Bertepatan hari ini, 1 Juni 2016, Hari Lahir Pancasila, aku keluar sejenak dari “rumah hening”. Semata-mata untuk merayakan Hari Lahir Pancasila. Tapi dengan cara yang tak lazim. Merayakannya dengan sebuah pengakuan, “Aku benci Pancasila!”
Ini pengakuan serius. Peristiwa lama. Tahun 1970 kalau tak salah. Waktu itu aku kelas 3 Sekolah Dasar.
Guruku, tepatnya guru kami, mewajibkan tiap siswa harus hafal Pancasila. “Harus hafal luar kepala,” katanya.
Kalau dipikir sekarang, guru kami itu aneh sekali. Hafal luar kepala, katanya. Kalau di luar kepala, mana bisa hafal. Hafal itu kalau ada di dalam kepala. Di dalam benak.
Aneh. Tapi sudahlah. Waktu itu aku belum bisa berpikir kritis. Jadi, tanpa pikir, terima saja apa kata guru.
Masalahnya, “hafal luar kepala” itu harus dibuktikan. Maka secara bergilir, tiap siswa harus maju ke depan kelas mengucapkan kelima sila Pancasila di luar kepala.
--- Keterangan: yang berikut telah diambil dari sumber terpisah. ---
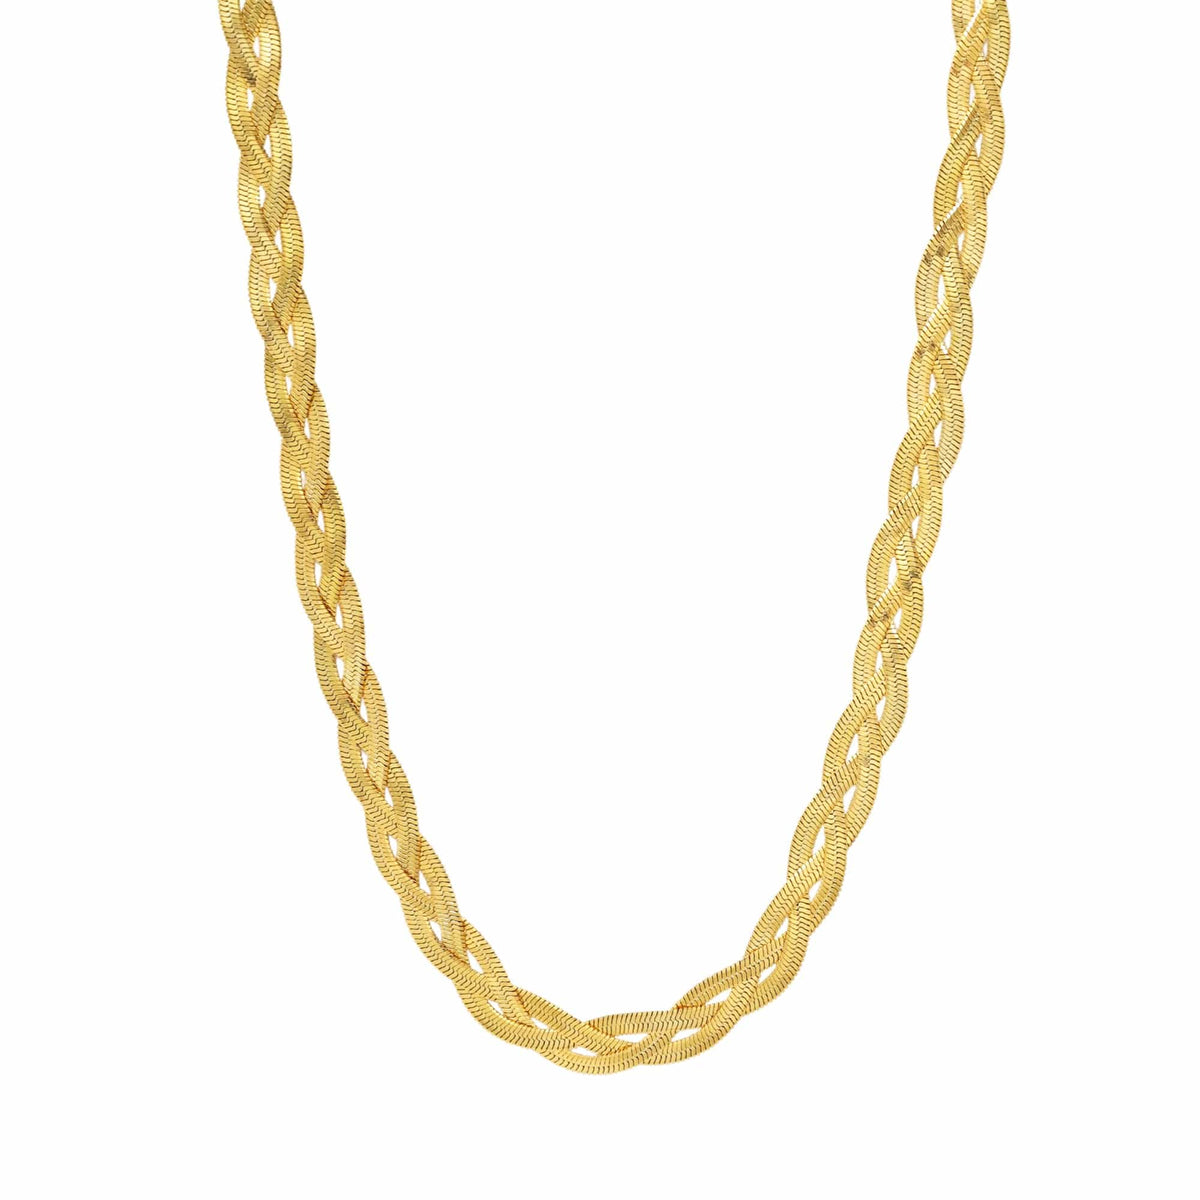 BohoMoon Stainless Steel Dahlia Necklace Gold

Entah bagaimana caranya, hanya segelintir siswa yang tidak hafal luar kepala. Cilakanya, di antara segelintir itu, termasuklah aku.
Lebih cilaka lagi aku, sudah tiga kali berdiri di depan kelas, dan tiga kali itu pula tidak hafal Pancasila di luar kepala.
Malulah aku pada teman-teman. Lebih malu lagi, dan juga sangat sakit, karena sudah tiga kali itu betis kiri dan kananku disabet guru kami pakai rotan. “Upah untuk anak yang tak hafal Pancasila,” katanya.
Waktu itu guru memukul siswa masih lumrah. Bahkan didukung oleh orangtua. “Hajar saja kalau nakal atau bodoh Pak Guru,” begitu kata orangtua.
Orangtua bisa terima anaknya dipukul guru. Tapi aku tidak. Aku tak terima dipukul lantaran tak hafal Pancasila.